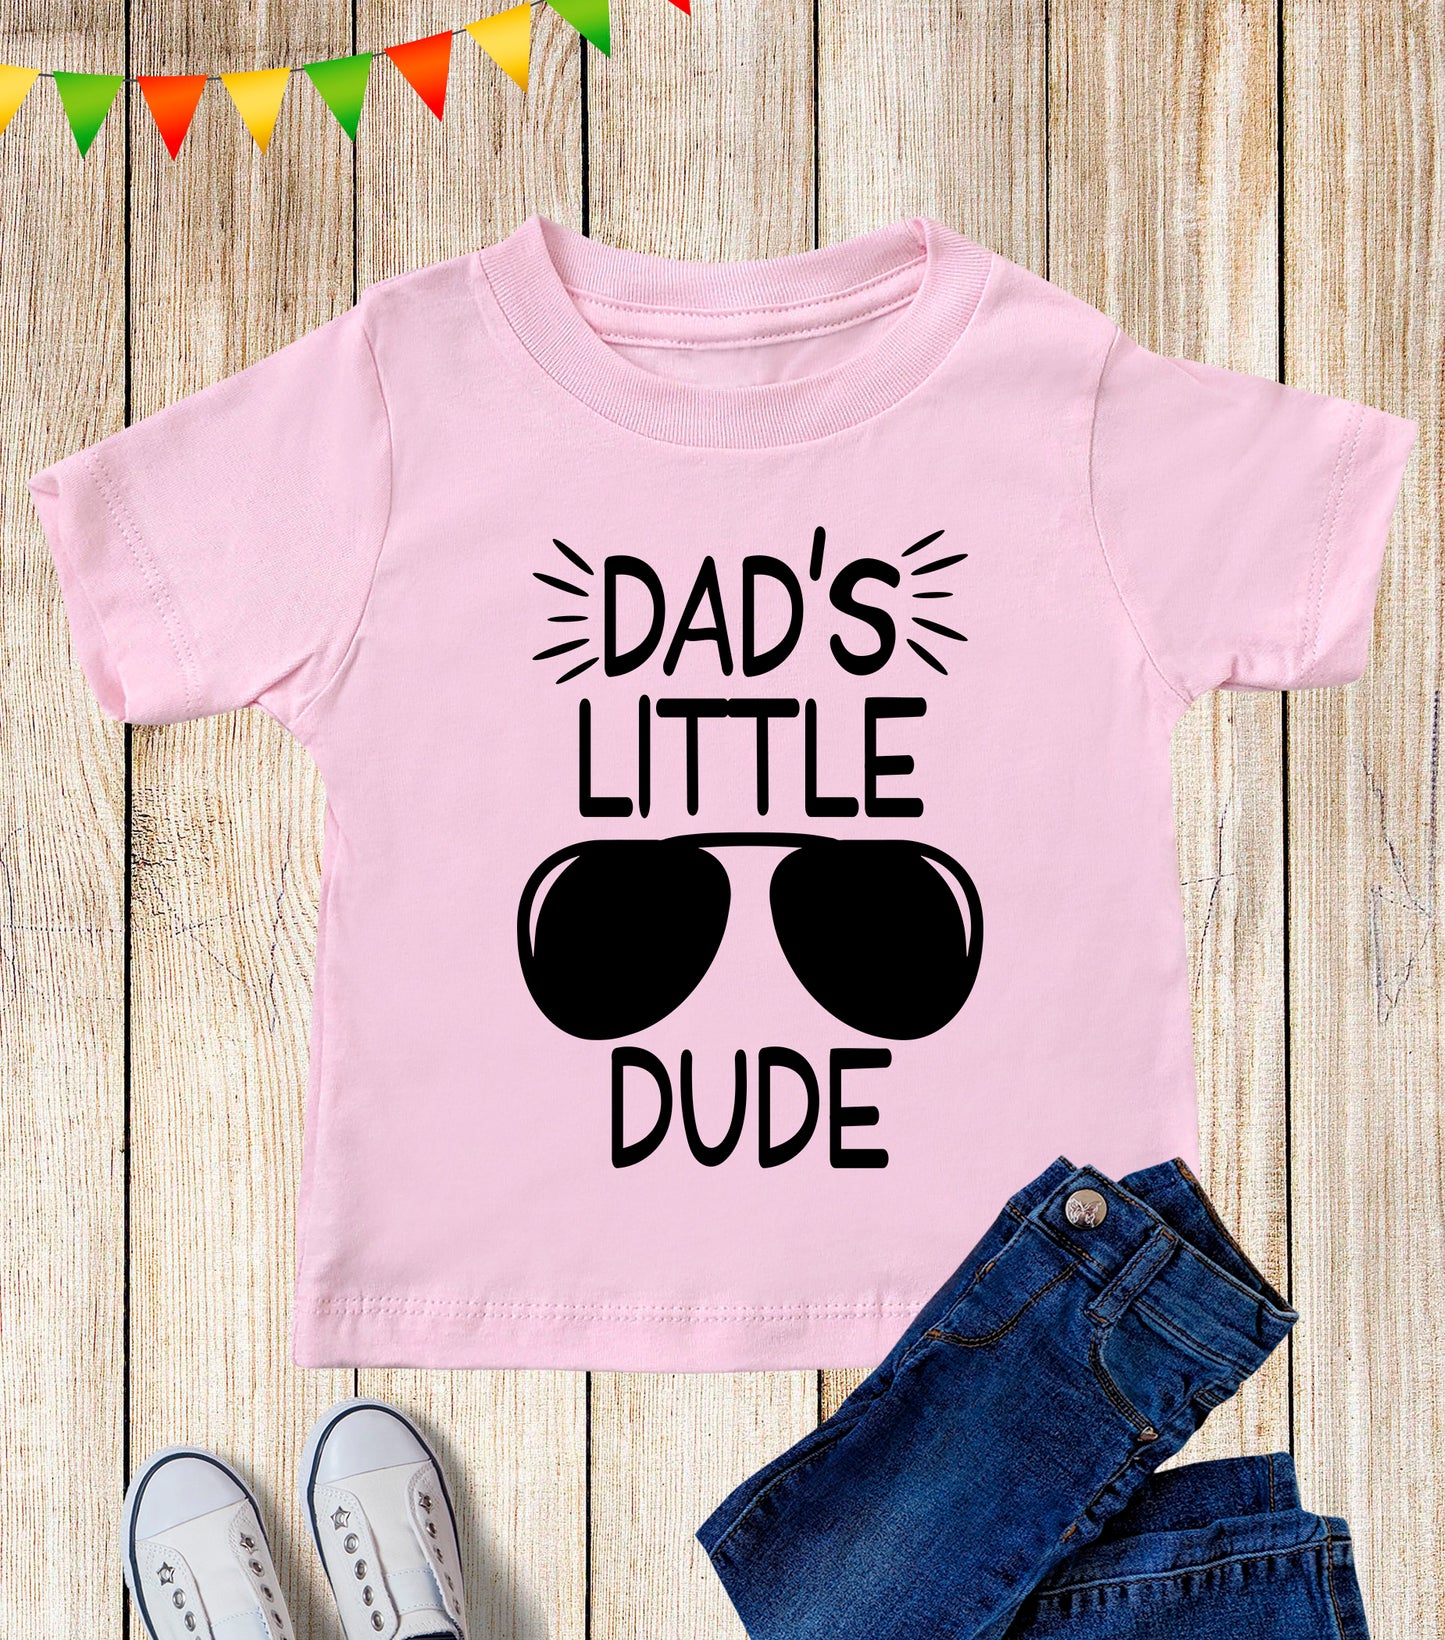 Dad's Little Dude Kids T Shirt
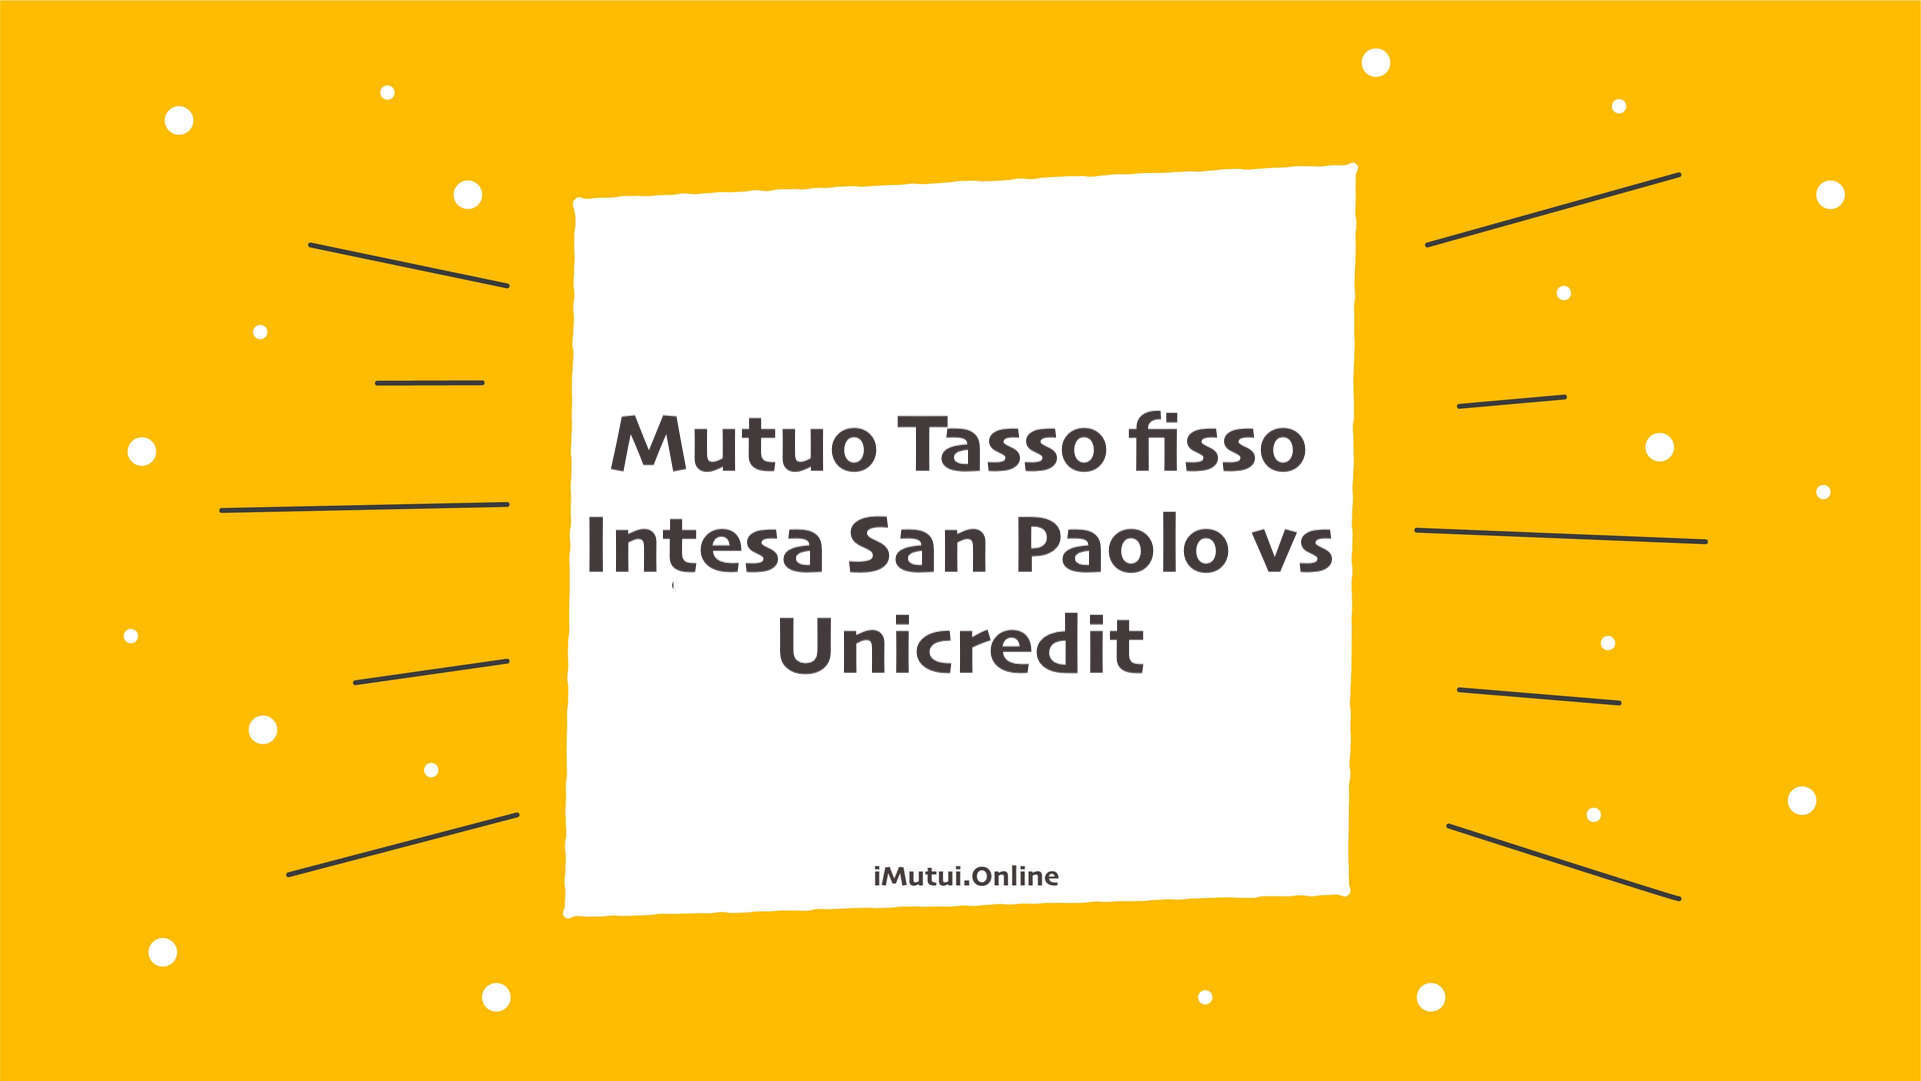 Mutuo Tasso fisso Intesa San Paolo vs Unicredit
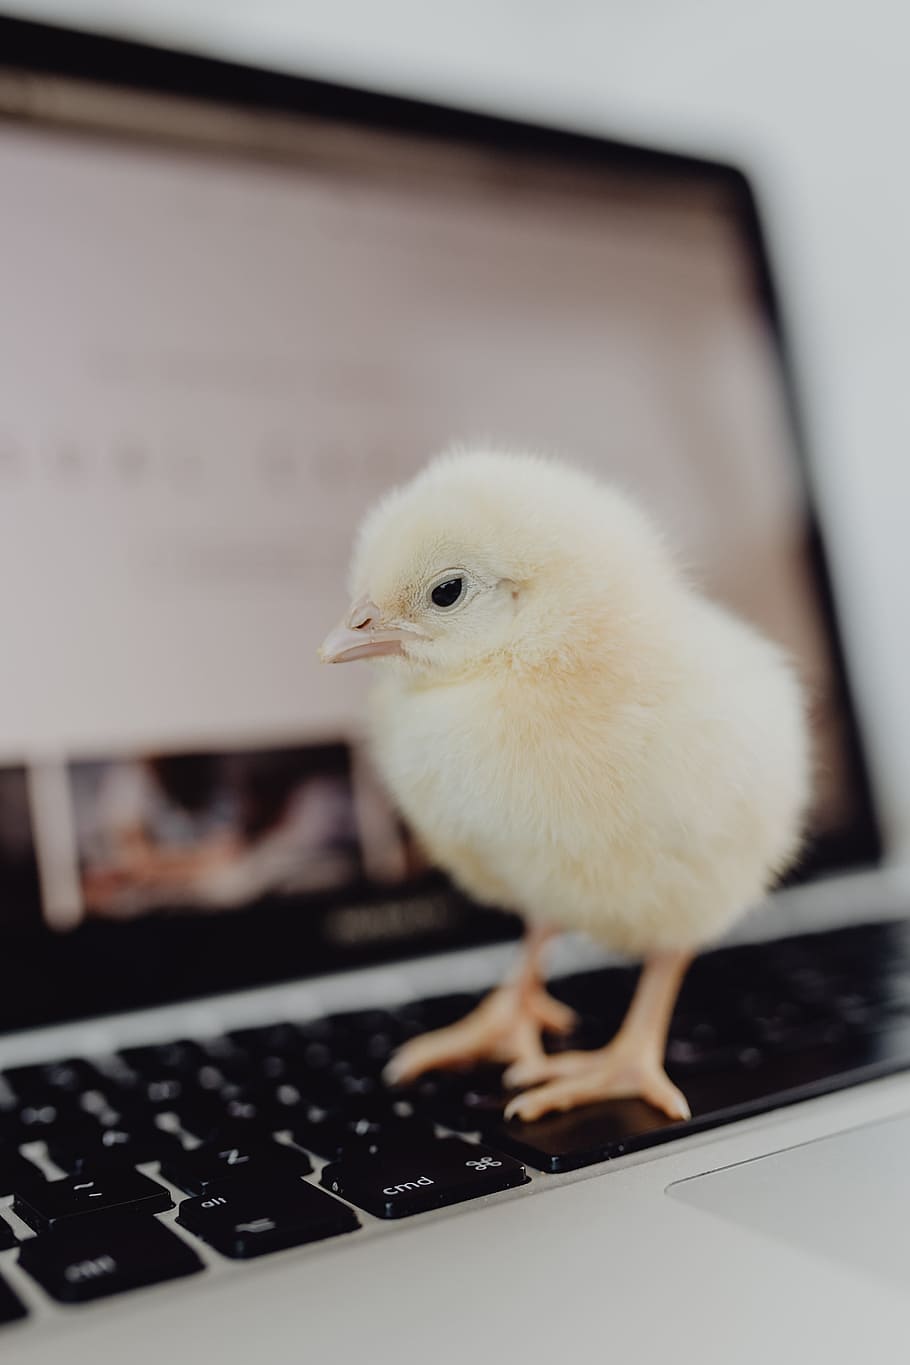 recién nacido, pequeño, pollo, computadora portátil, computadora, teclado, amarillo, macbook, pájaro, bebé
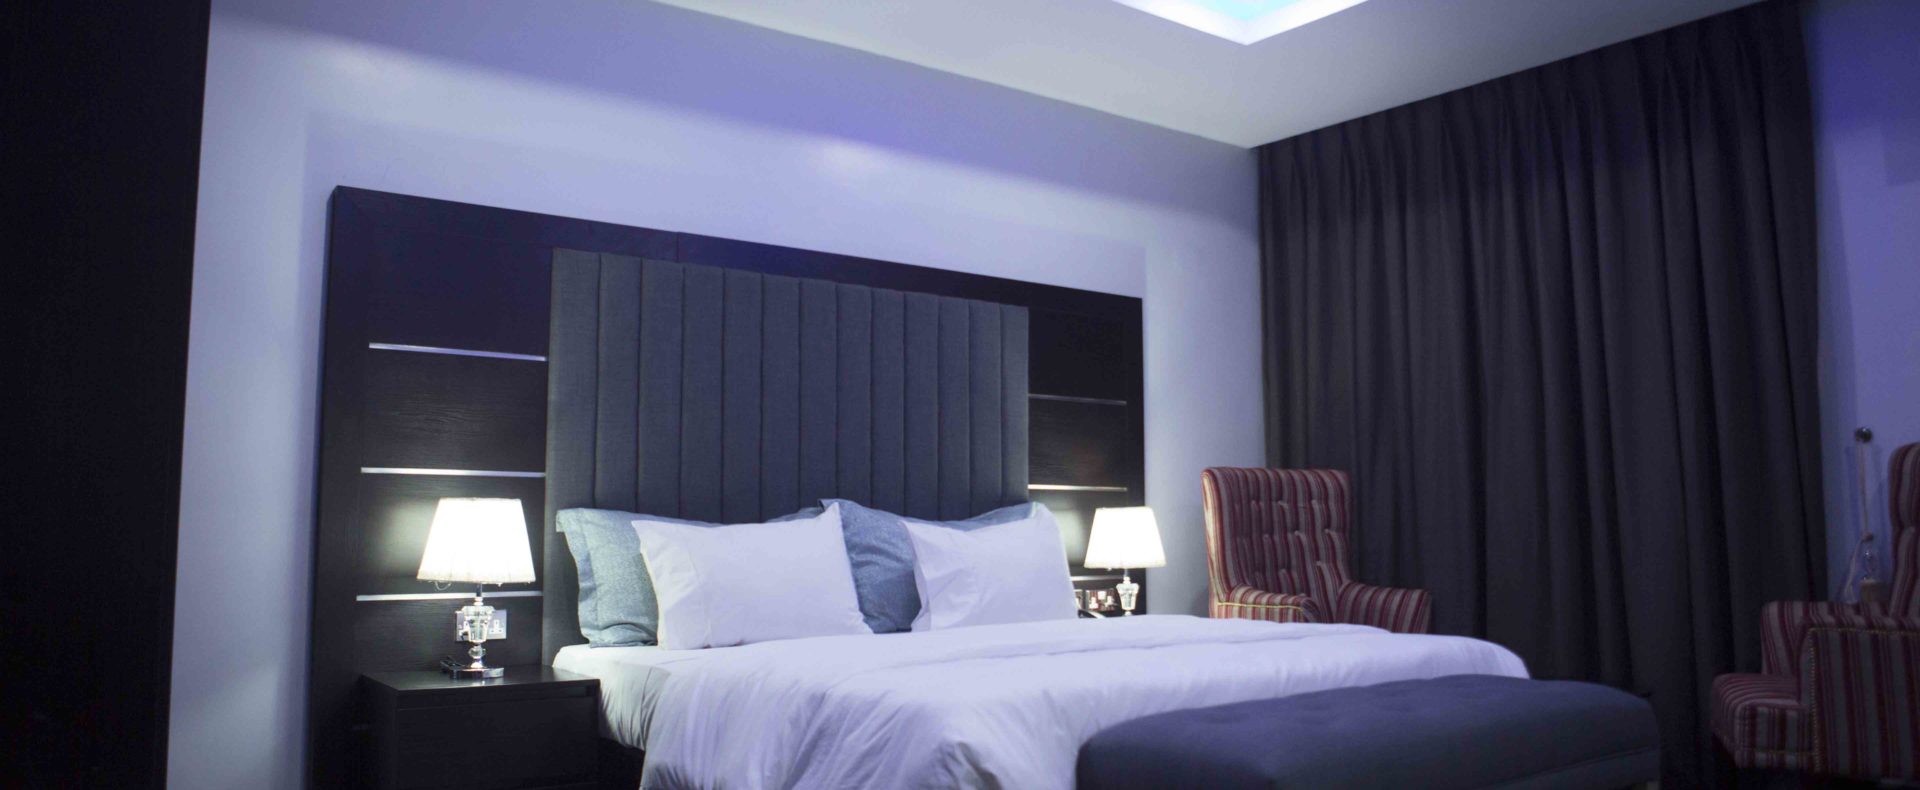 Hotel Double Standard In Lekki Phase 1 Lagos Nigeria
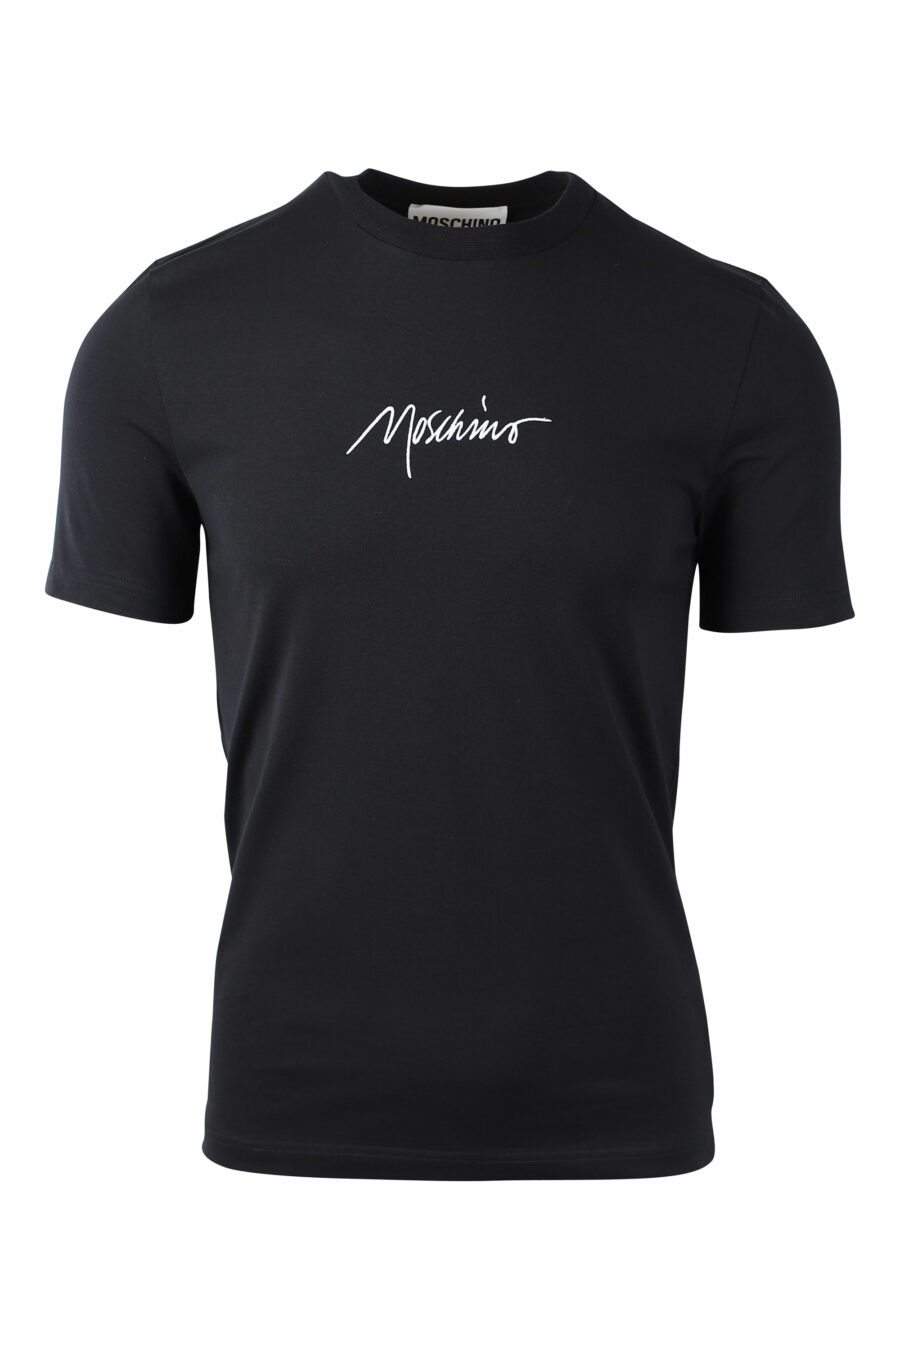 Camiseta negra con logo "signature" - IMG 1485

→ **What is needed**
Although the records contain pictures, print only the rest, exactly as written.

→ **Solution to this problem**
 Dad's Little Dude Kids T Shirt
 Mutuo Tasso fisso Intesa San Paolo vs Unicredit
 recién nacido, pequeño, pollo, computadora portátil, computadora, teclado, amarillo, macbook, pájaro, bebé
 Hotel Double Standard In Lekki Phase 1 Lagos Nigeria
 Camiseta negra con logo "signature" - IMG 1485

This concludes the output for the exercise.